Smaller more theoretical architectures exists such as MISC (Minimal Instruction Set Computing) and OISC (One Instruction Set Computing), which are not used in practice. Popular CPU architectures include x86\_64, and ARM64 (64-bit), originating from x86 and ARM (32-bit).

The implementation of a CPU on a circuit board is called a **microprocessor**. Multiple CPUs on a single circuit board are **multi-core processors**, where each *core* is a fully functional CPU.

#### Definition 1.2: CPU Anotomy

The CPU is comprised of three main components:

- ALU (Arithmetic Logic Unit): Performs arithmetic and logical operations (e.g., addition, subtraction, AND, OR).
- Control Unit (CU): Directs the operation of the CPU, fetching and decoding instructions, and controlling the flow of data.
- Memory Unit (MU): Manages data storage and retrieval, including registers and cache memory.

All these components have volatile memory, lost when the computer is turned off.

#### Definition 1.3: CPU Execution Flow

The **CPU** execution flow is the sequence of operations that the CPU performs to execute a program. It typically follows these steps:

- 1. **Fetch:** Fetches the next instruction from memory.
- 2. **Decode:** Decodes the fetched instruction to associated opcode and operands.
- 3. **Execute:** Perform decoded operation using the ALU or other components.
- 4. **Store:** Save results of the operation back into memory or registers.

This cycle is repeated until the program completes or an interrupt occurs.

#### Definition 1.4: Registers

**Registers** are small, high-speed storage locations within the CPU that hold data temporarily during execution.
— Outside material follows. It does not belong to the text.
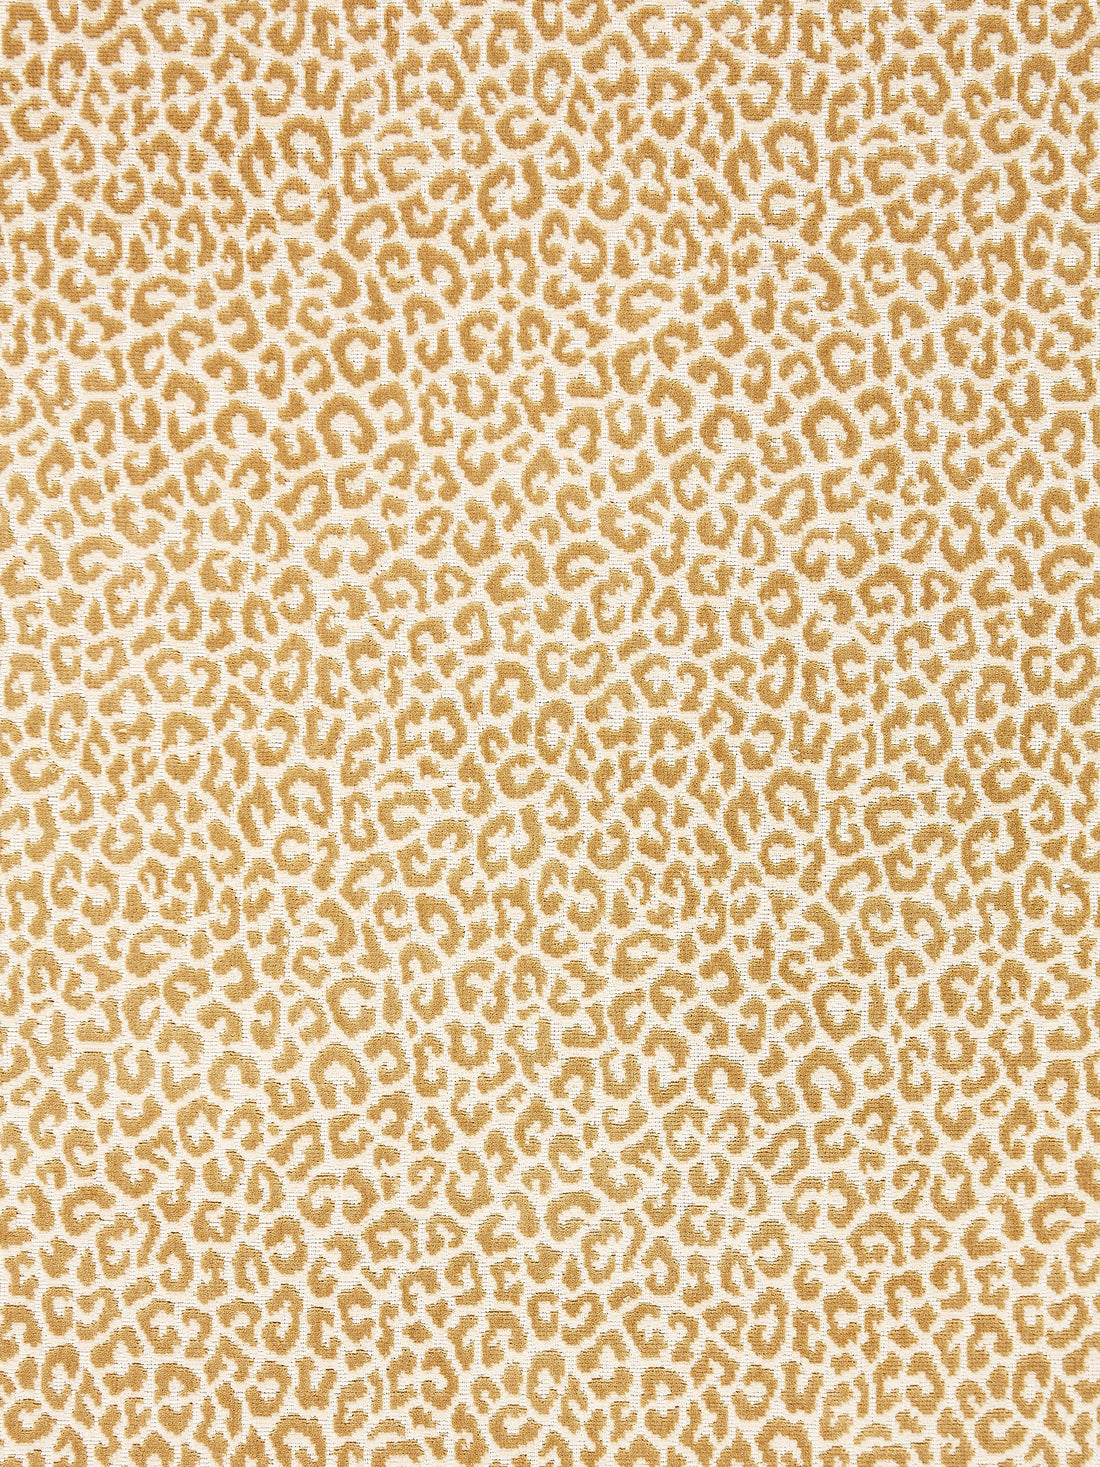 Panthera Velvet fabric in camel color - pattern number SC 000127037 - by Scalamandre in the Scalamandre Fabrics Book 1 collection

Common types of registers include:

- General-Purpose Registers (GPR): Hold general data storage and manipulation.
- **Special-Purpose Registers:** For specific functions, such as a reference to the current line of code.
- Floating-Point Registers: Floating-point arithmetic (e.g., decimal numbers).

Registers are faster than main memory (RAM) and are used to store frequently accessed data during program execution.
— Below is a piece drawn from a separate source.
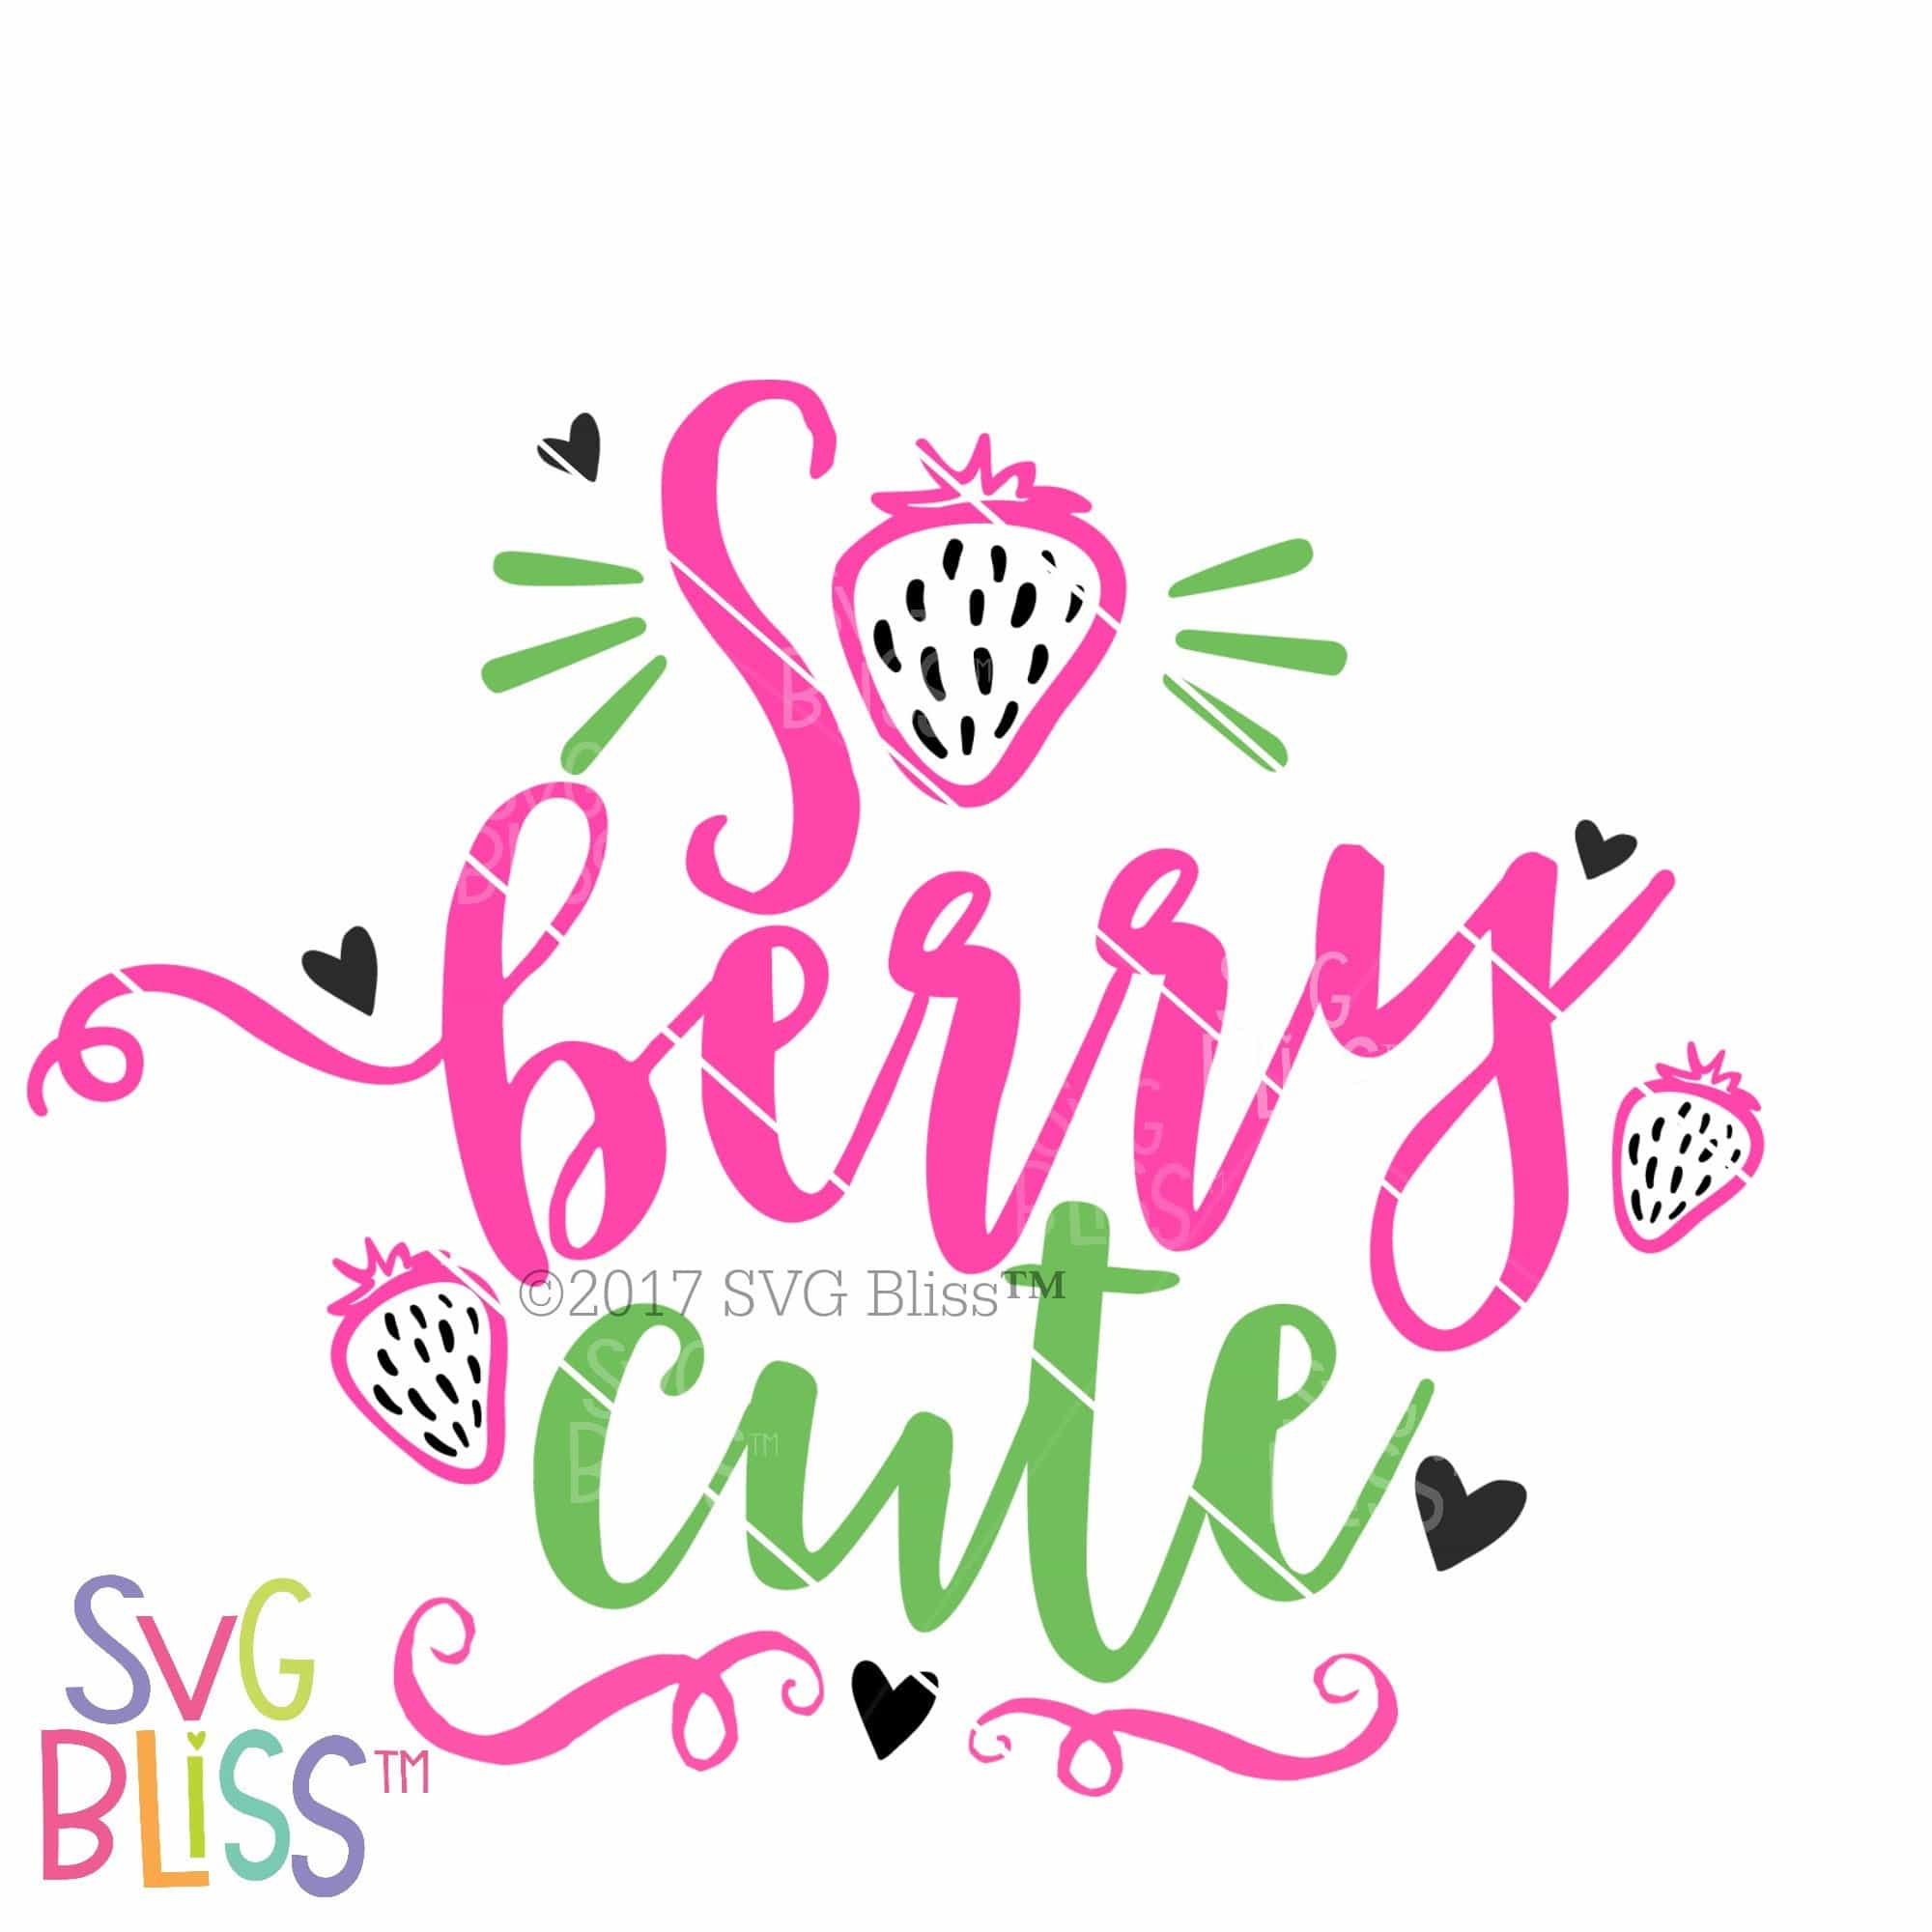 Download So Berry Cute | SVG EPS DXF PNG - SVG Bliss

The following is an example of the primary registers in the x86-32 (IA-32) architecture, which is a CISC architecture.

| Register | Size   | Purpose                                 |
|----------|--------|-----------------------------------------|
| EAX      | 32-bit | Accumulator (arithmetic / return value) |
| EBX      | 32-bit | Base register (data pointer)            |
| ECX      | 32-bit | Counter (loops, shifts)                 |
| EDX      | 32-bit | Data register (I/O, multiply/divide)    |
| ESI      | 32-bit | Source index (string / memory ops)      |
| EDI      | 32-bit | Destination index (string / memory ops) |
| EBP      | 32-bit | Base/frame pointer (stack-frame anchor) |
| ESP      | 32-bit | Stack pointer                           |
| EIP      | 32-bit | Instruction pointer (program counter)   |
| EFLAGS   | 32-bit | Flags / status register (ZF, CF, OF)    |

Table 1.1: Primary registers of the x86-32 (IA-32) architecture. **Note:** Registers are prefixed with 'E' for 32-bit, 'R' for 64-bit in x86-64.

#### Definition 1.5: Machine Code & Compilation

Code is separated into two main areas of memory management, the program itself, and the data in transit during execution. The program itself is broken up such as follows:

- Text Segment: The part of the program which contains the executable code.
- Data Segment: The part of the program which contains global and static variables.
- Machine Code: The compiled code of the program, which is executed by the CPU.

Once the code compiles, our data segment is further divided into two parts in memory:

- Initialized Data: Data given a value before the program starts (global variables).
- Uninitialized Data: Data yet to be assigned (local variables), which are zeroed at program start.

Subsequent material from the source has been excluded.